Thrombin-induced autophagy: a potential role in intracerebral hemorrhage

Autophagy occurs in the brain after intracerebral hemorrhage (ICH) and thrombin contributes to ICH-induced brain injury and cell death. In this study, we investigated whether thrombin may activate autophagy (in vivo and in cultured astrocytes) and its potential role in ICH. Autophagy was examined using electron microscopy, conversion of light chain 3(LC3) from the LC3-I form to LC3-II, cathepsin D Western blotting and monodansylcadaverine (MDC) staining to detect autophagic vacuoles. 3-Methyladenine (3-MA) was used as an autophagy inhibitor.

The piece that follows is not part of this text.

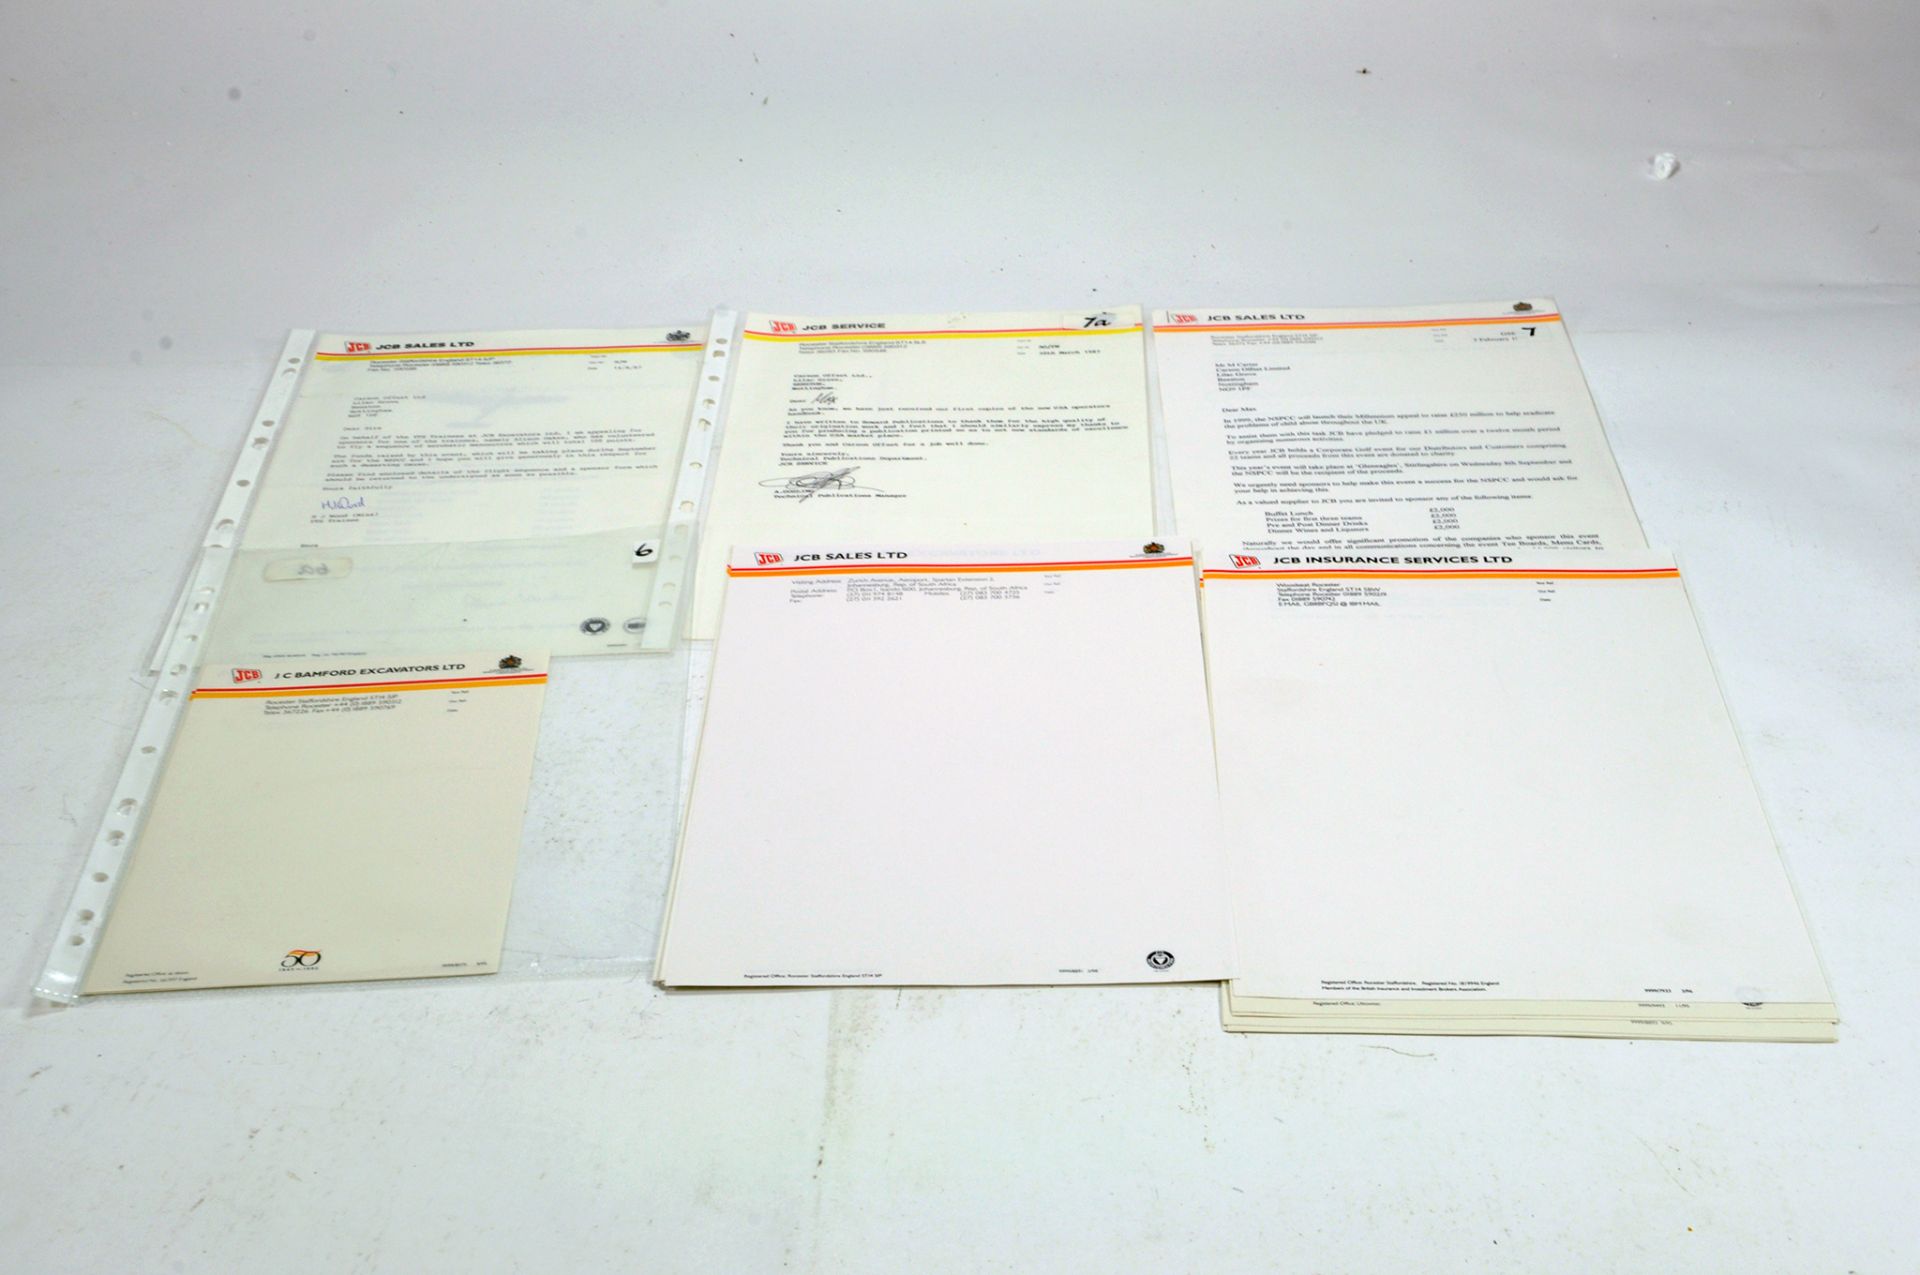 Interesting group of original JCB letters to the original producers of JCB literature and manuals,

In vivo, we found that intracaudate injection of thrombin increased conversion of LC3-I to LC3-II, cathepsin D levels, and formation of autophagic vacuoles in the ipsilateral basal ganglia. ICH-induced upregulation of LC3-I to LC3-II conversion and cathepsin D levels was reduced by a thrombin inhibitor, hirudin. In cultured astrocytes, thrombin enhanced the conversion of LC3-I to LC3-II and increased MDC-labeled autophagic vacuoles. 3-MA inhibited thrombin-induced autophagic vacuole formation and exacerbated thrombin-induced cell death. These results indicate that thrombin activates autophagy in the brain and that thrombin has a role in ICH-induced autophagy.